Um PM profissional e lúcido tiraria de cena seu protegido e não sacaria a arma no meio de tantos jovens. E, se fosse irresponsável a ponto de disparar, daria apenas tiros para o alto. Mas feriu mortalmente um rapaz. Marcos Parreira alegou "legítima defesa". A alegação é um escárnio. Ninguém ameaçou o policial ou o filho da promotora com faca, canivete ou revólver. O tiro contra Daniel Duque foi um legítimo ataque.

"O PM fez o disparo assumindo que um resultado mais grave poderia ocorrer. Não foi legítima defesa porque ele não se apresentou espontaneamente", disse o delegado Rafael Menezes, da 14ª DP. Esse PM, Marcos Parreira, não é apenas despreparado. Ele é uma ameaça à segurança pública. Está preso, mas seu advogado acha a detenção uma arbitrariedade.

A mãe de Pedro, promotora Márcia Velasco, tem todo o direito à segurança do Ministério Público.

Ela trabalhou no caso do traficante Fernandinho Beira-Mar e sofre ameaças de morte.
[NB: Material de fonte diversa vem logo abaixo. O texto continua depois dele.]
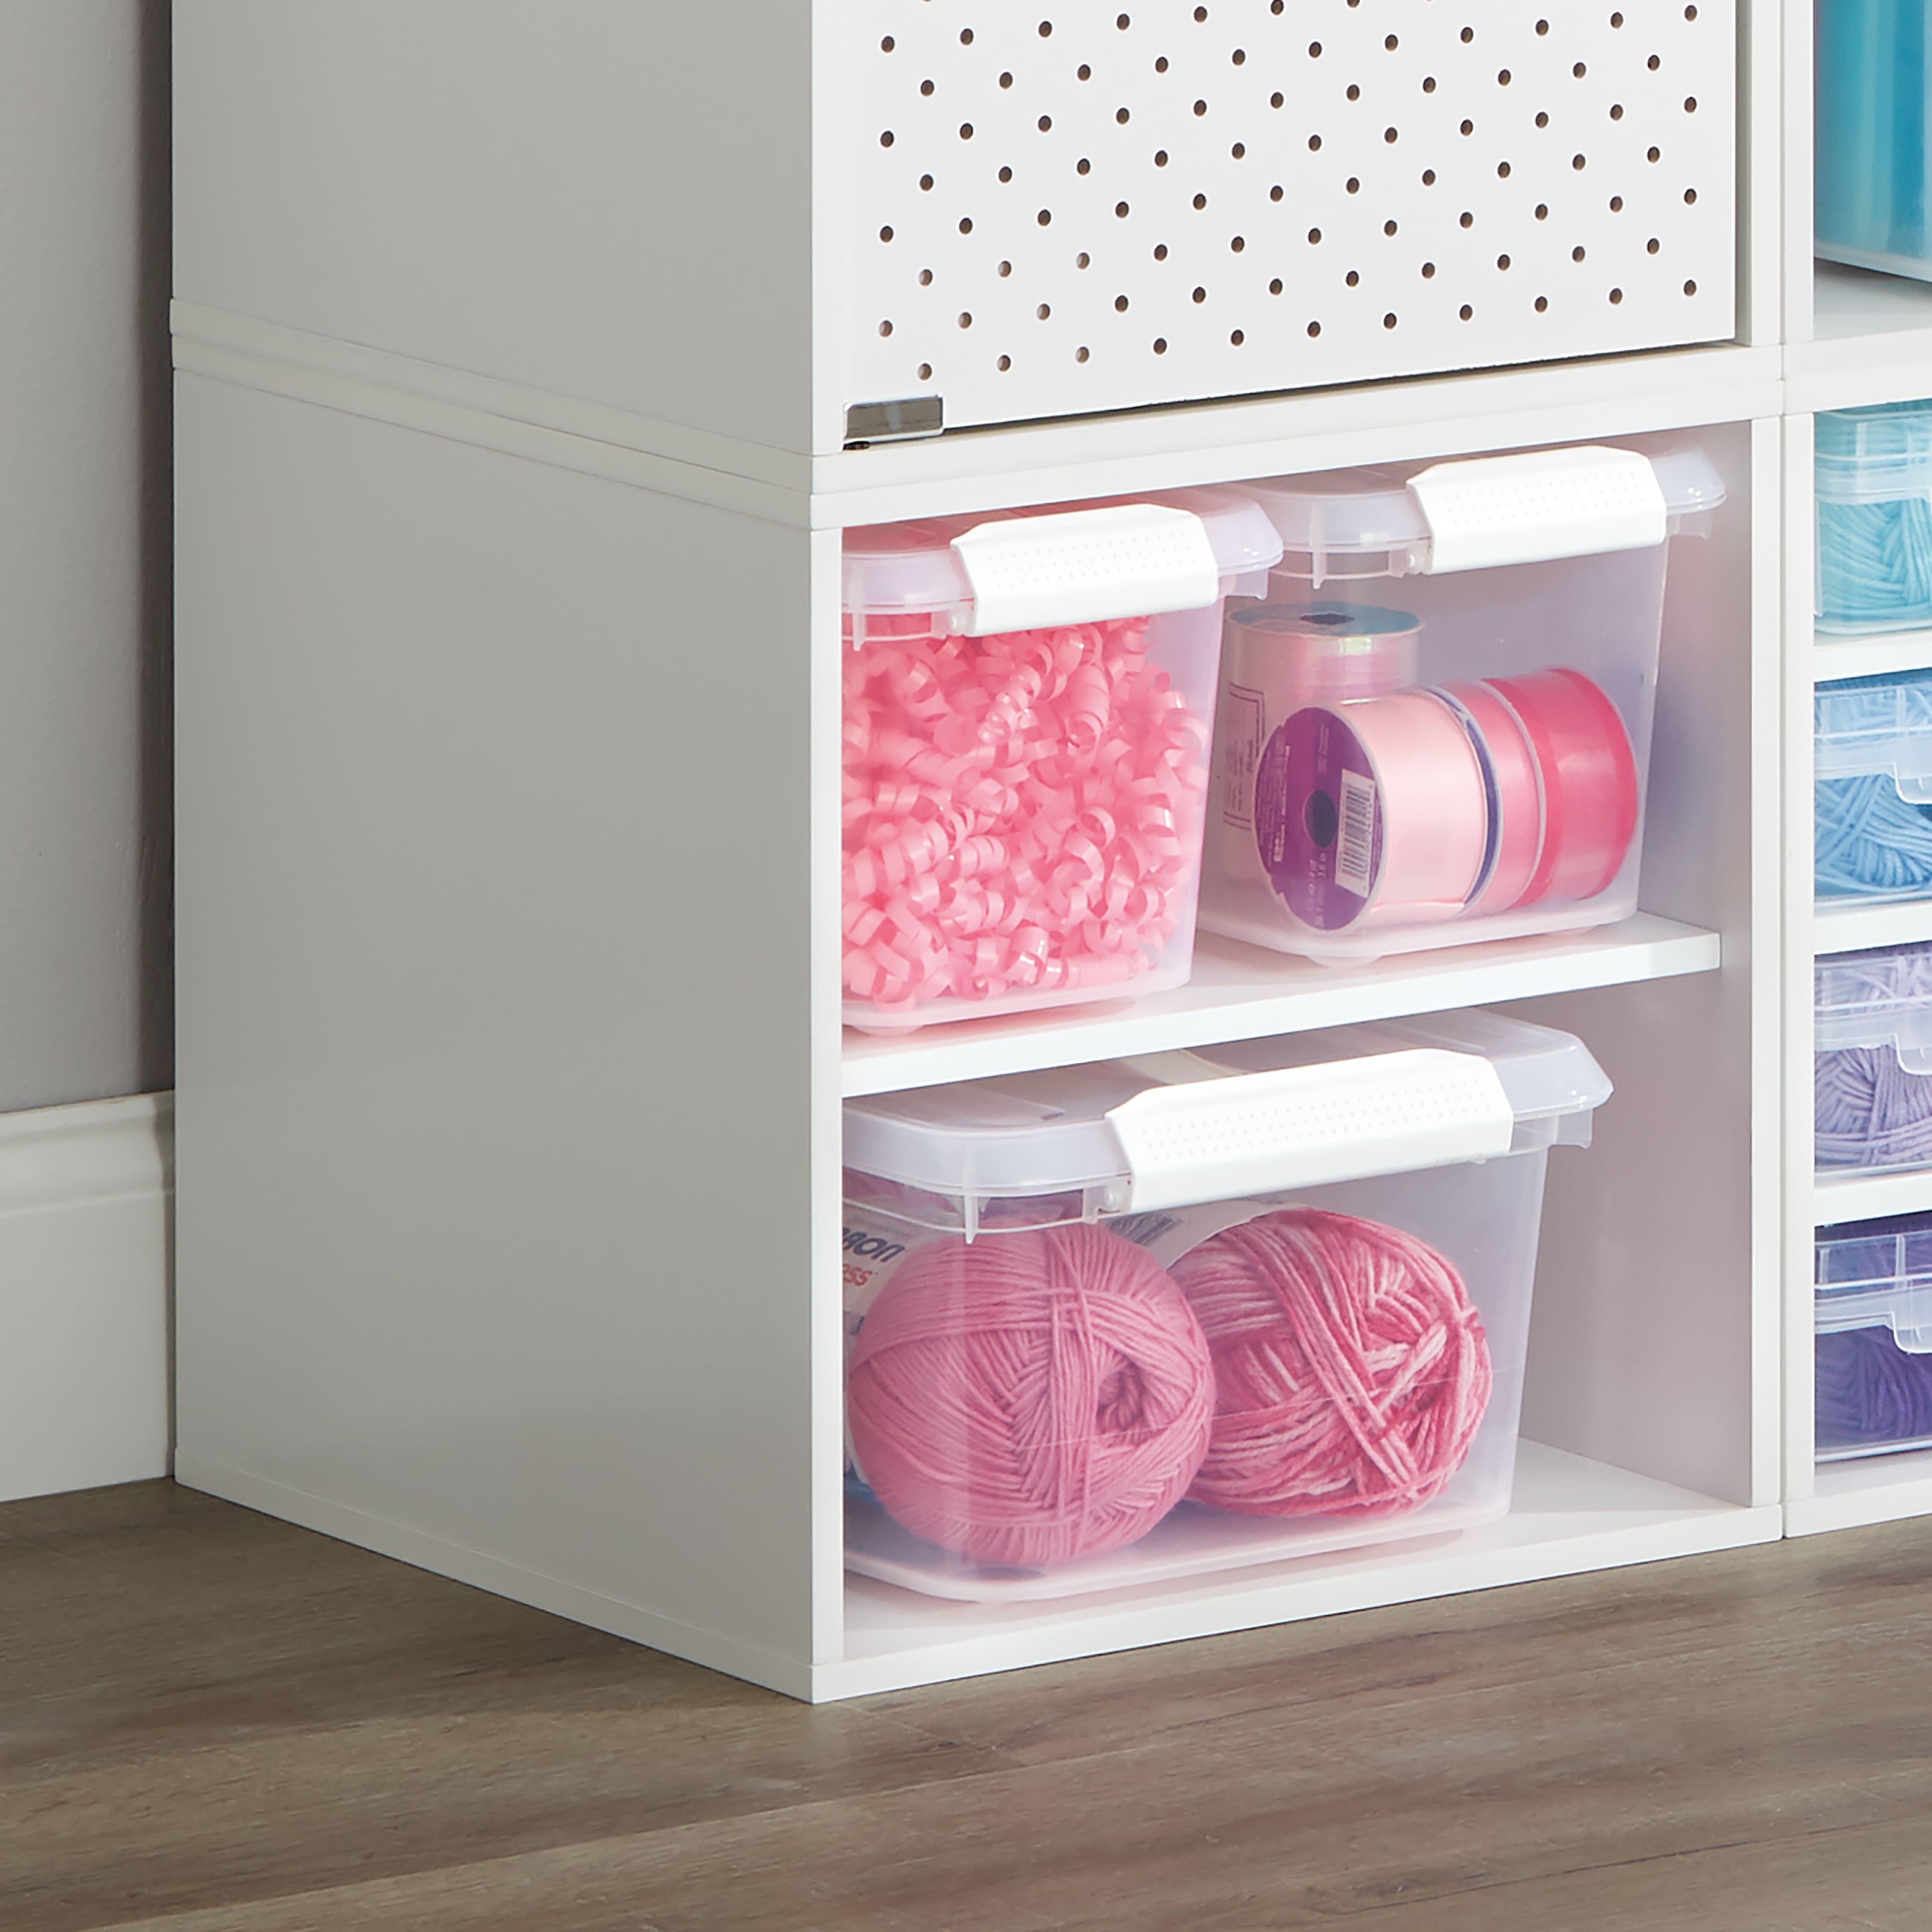 Small Space Organization  The Ultimate Craft Room w: Michaels Stores  Featuring Simply Tidy 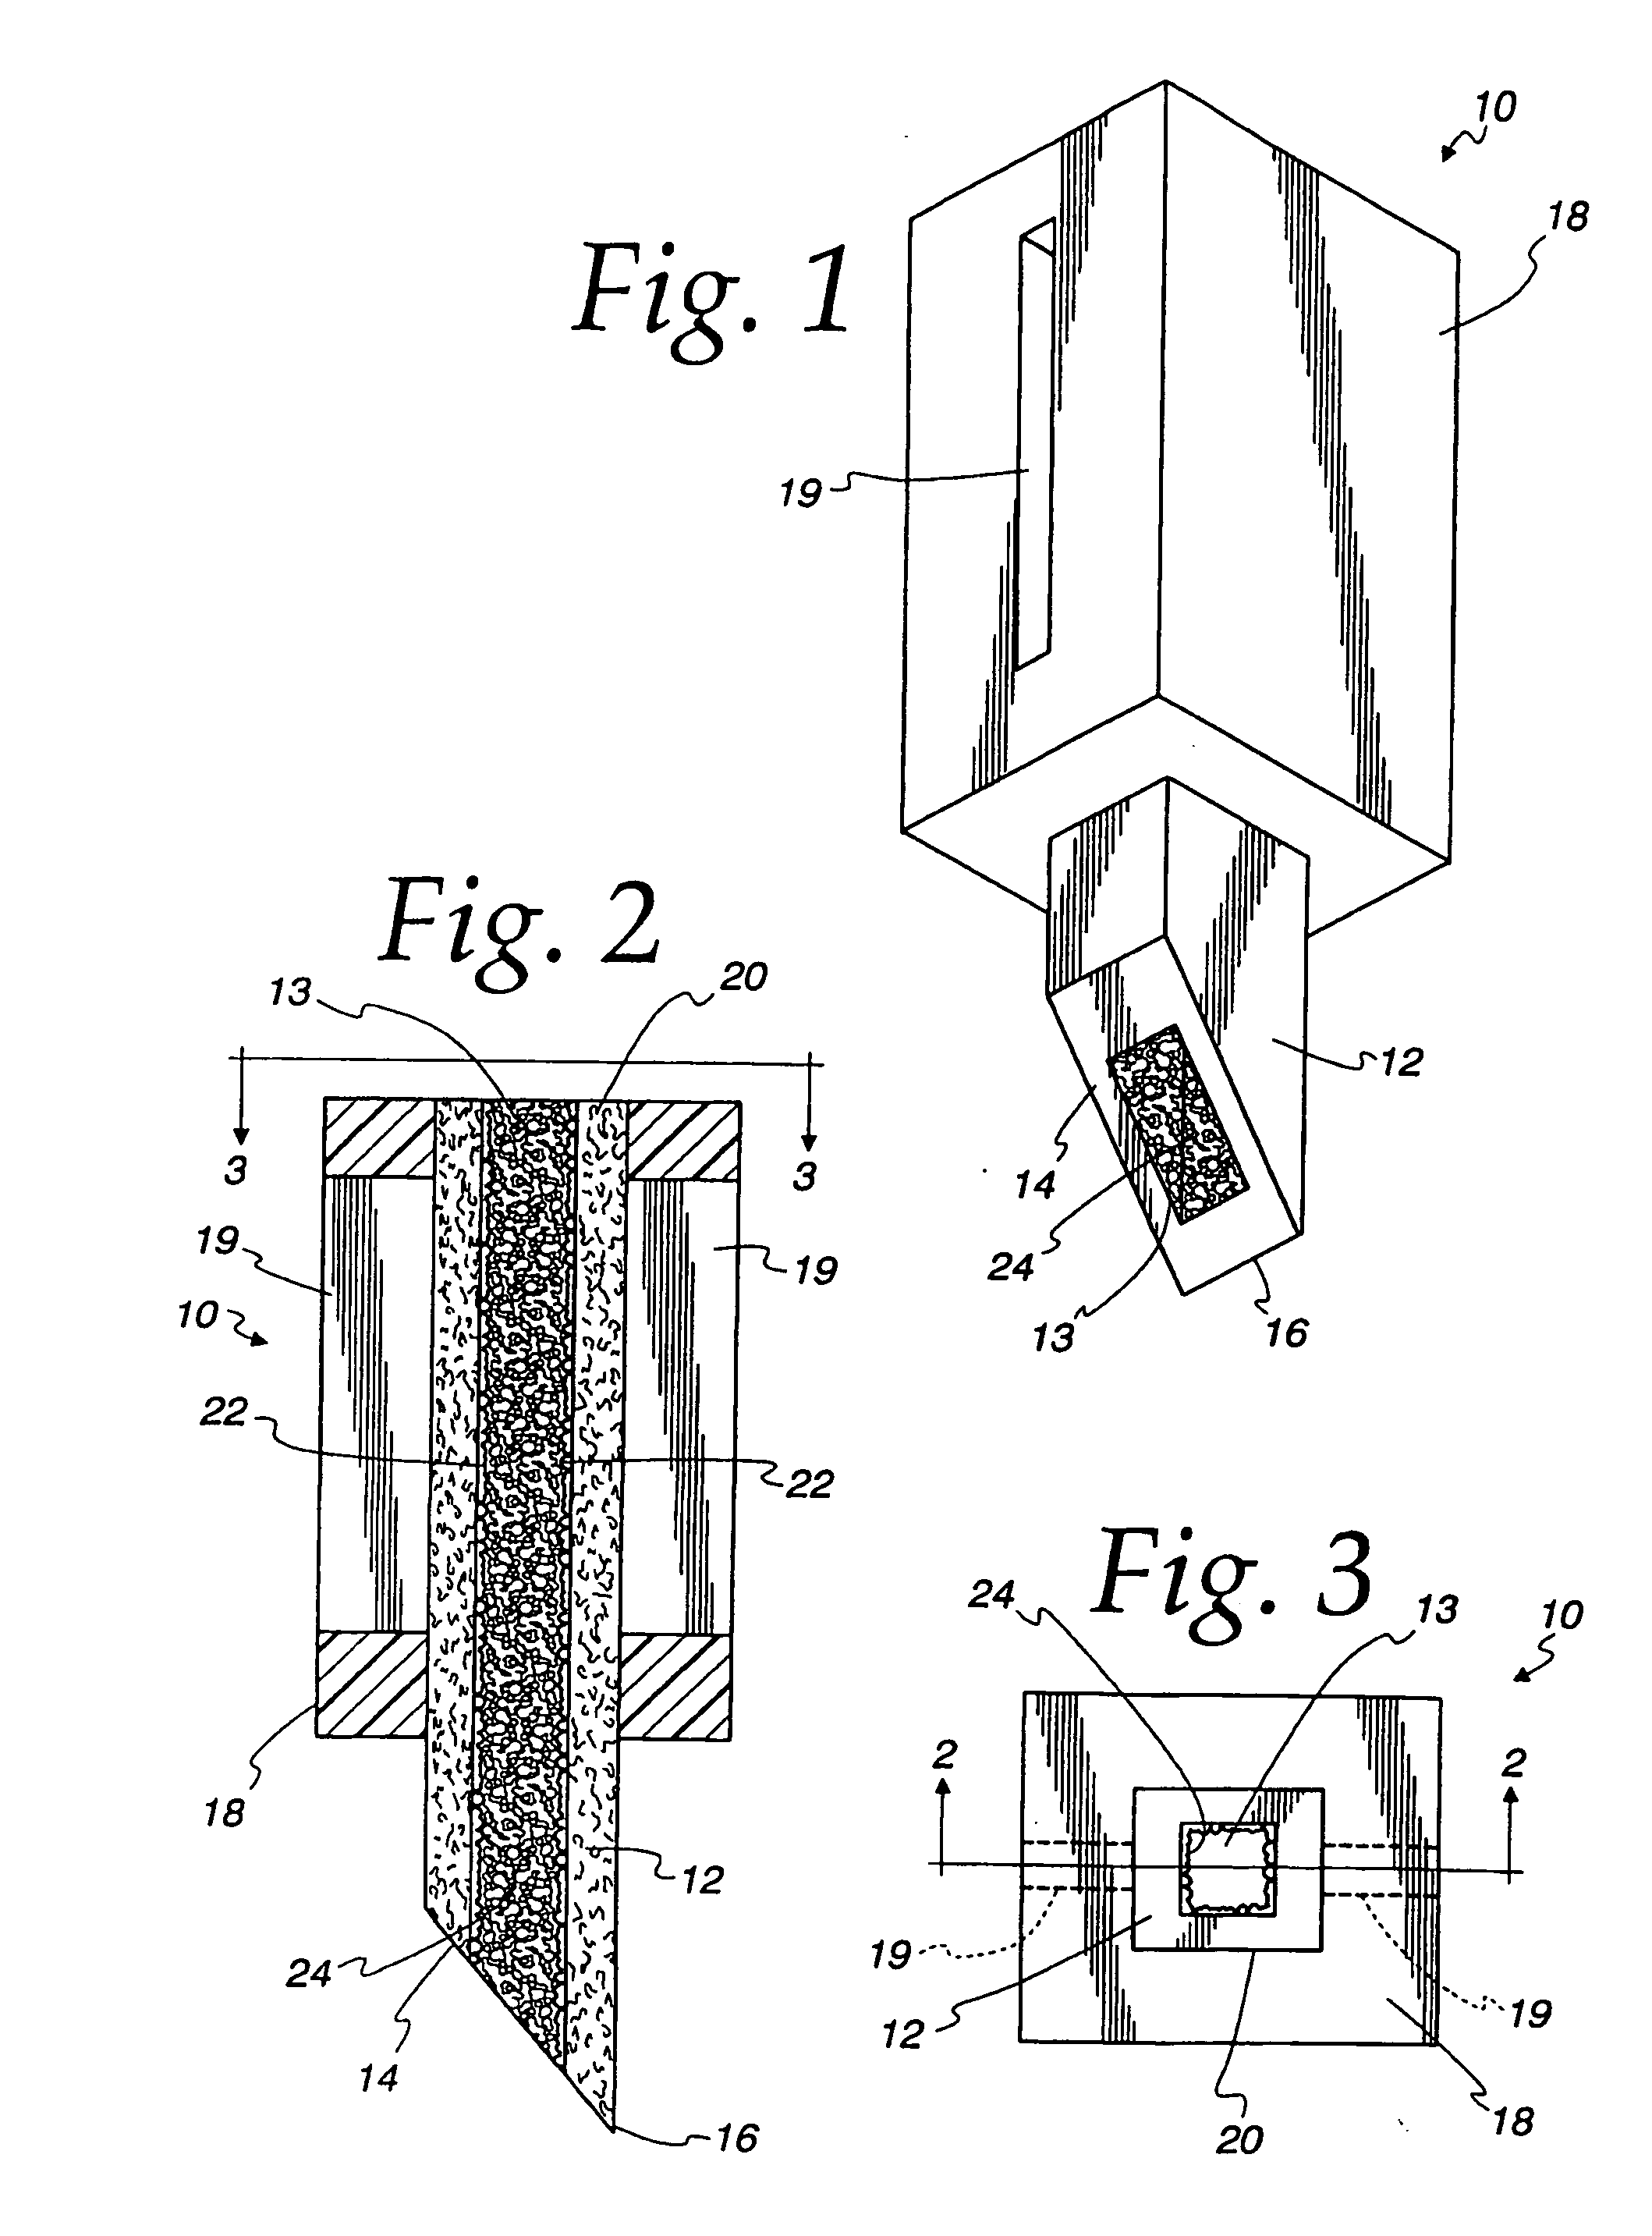 Minimum invasive optical format with integrated lance

Em carta aberta, a promotora disse que seu filho "é um prisioneiro, pela nossa condição de marcados para morrer".

Prezada Márcia, um rapaz prisioneiro do medo não fica rodando de boate em boate no Rio madrugada adentro e se envolvendo em brigas.Seu filho Pedro se sente poderoso com um guarda-costas armado, a bordo de um BMW. O medo é dos outros.

No Rio, como disse Daniela Duque, as mães "entregam os filhos a Deus" quando eles saem à noite. Pagamos impostos, criamos nossos filhos, eles vão a uma festa e podem não voltar. E fica por isso mesmo. Daniela exige justiça. Mas a gente sabe que punir não é o forte deste país (veja abaixo os vídeos).

Ao governador Sérgio Cabral

1 - Onde estão os traficantes da Mineira que trucidaram no dia 14 de junho os três jovens negros e pobres da Providência, entregues por um tenente do Exército?

2 - Onde estão os milicianos que torturaram no dia 14 de maio a equipe do jornal O Dia na Favela do Batan?

3 - Onde estão os retratos falados dos assassinos sem farda? Por que estão livres e impunes? Quem são eles?